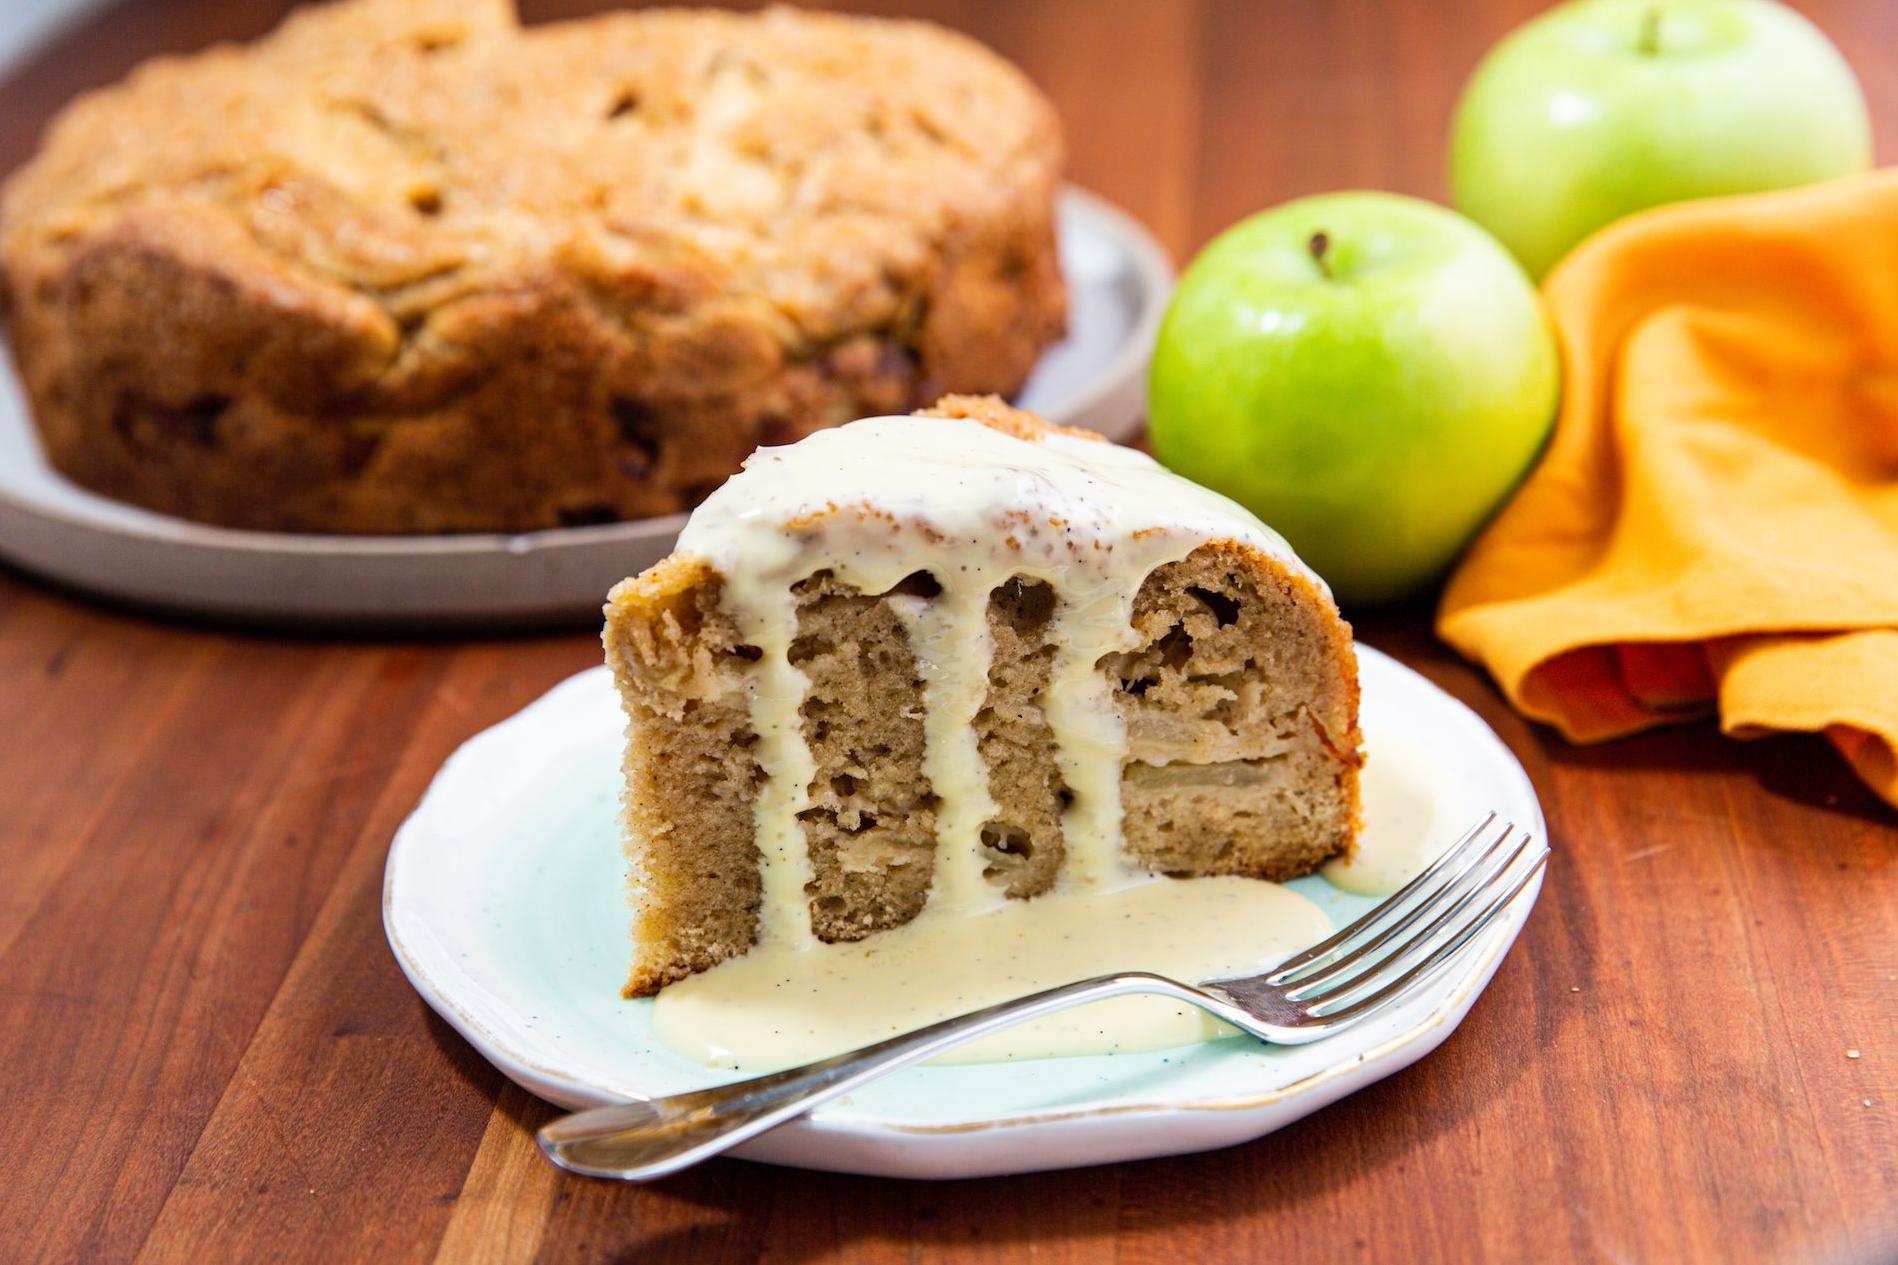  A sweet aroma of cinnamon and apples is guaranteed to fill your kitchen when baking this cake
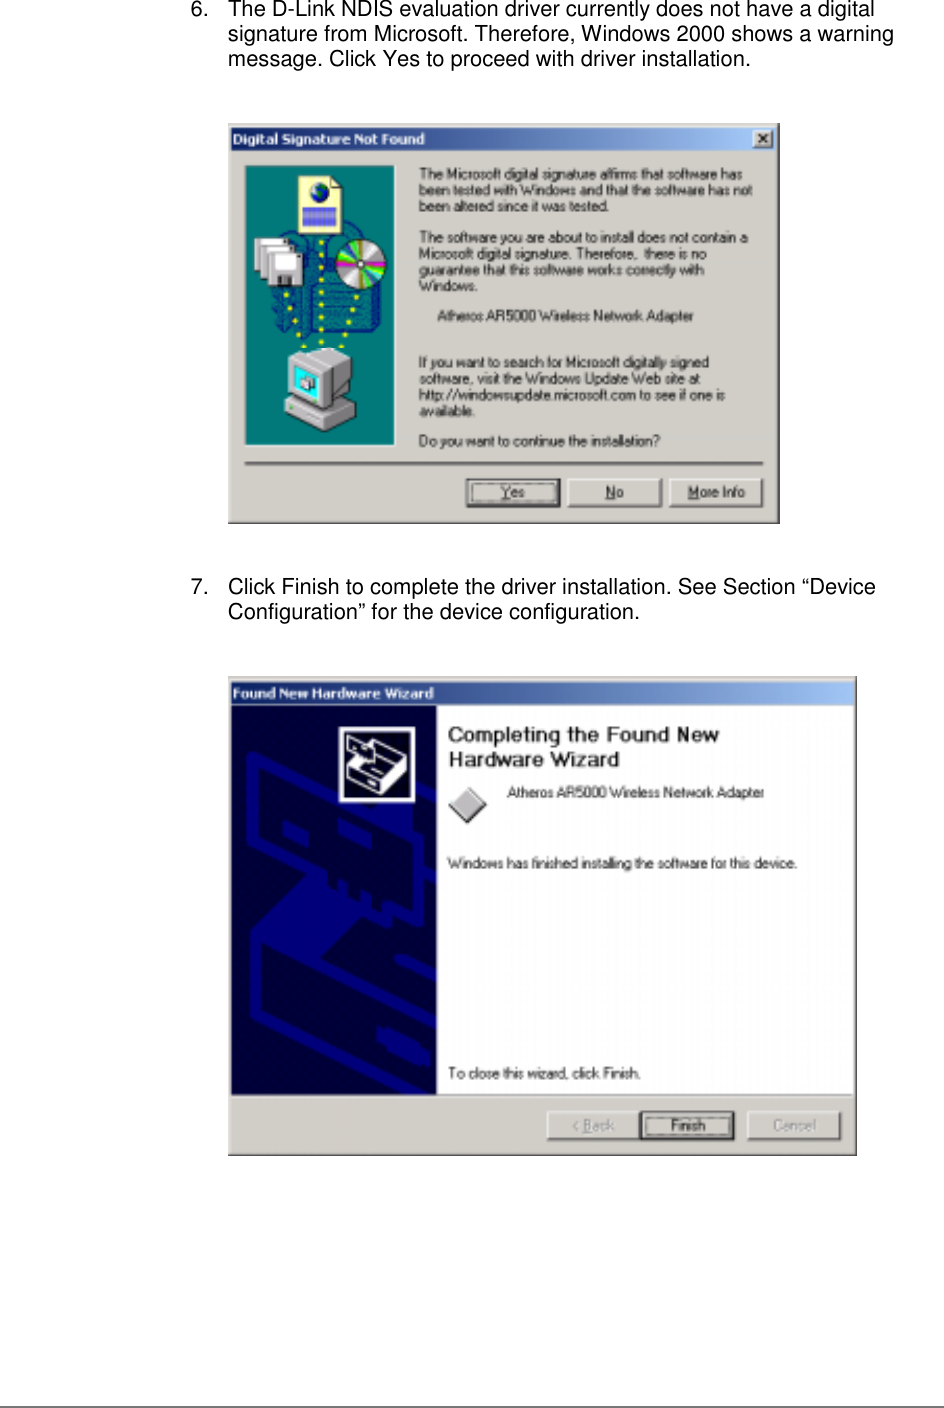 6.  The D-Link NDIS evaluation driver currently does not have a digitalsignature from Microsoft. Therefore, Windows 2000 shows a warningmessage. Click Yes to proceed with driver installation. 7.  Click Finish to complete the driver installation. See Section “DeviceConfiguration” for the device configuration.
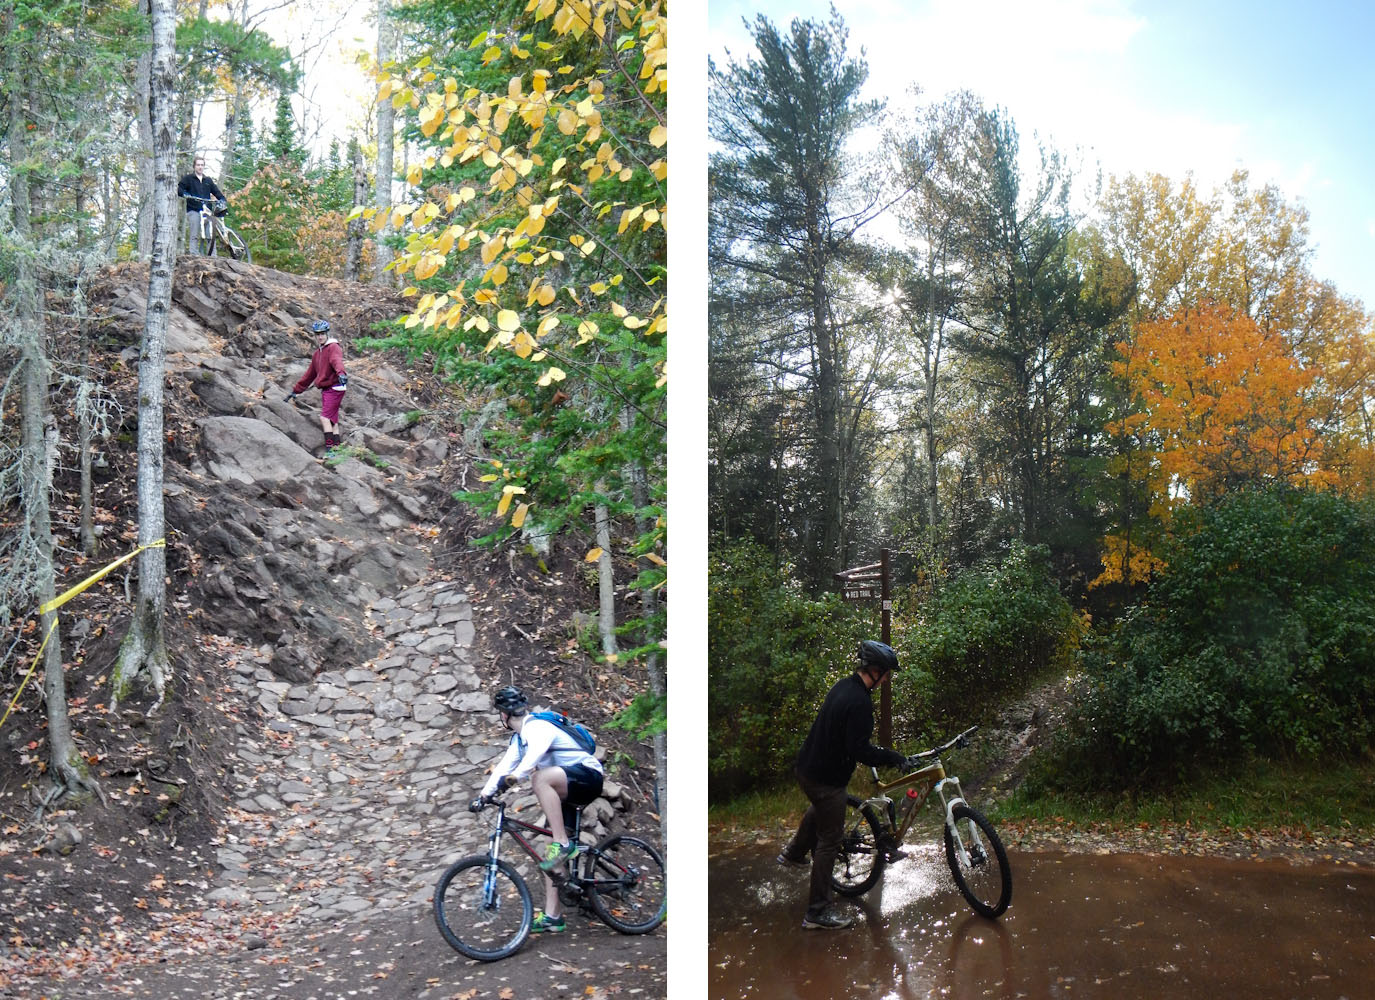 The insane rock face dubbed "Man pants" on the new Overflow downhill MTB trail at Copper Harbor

==========

Task description »
Please return the lines above exactly, with the pictures omitted.

Task solution »
  A sweet aroma of cinnamon and apples is guaranteed to fill your kitchen when baking this cake
 6.  The D-Link NDIS evaluation driver currently does not have a digitalsignature from Microsoft. Therefore, Windows 2000 shows a warningmessage. Click Yes to proceed with driver installation. 7.  Click Finish to complete the driver installation. See Section “DeviceConfiguration” for the device configuration.
 The insane rock face dubbed "Man pants" on the new Overflow downhill MTB trail at Copper Harbor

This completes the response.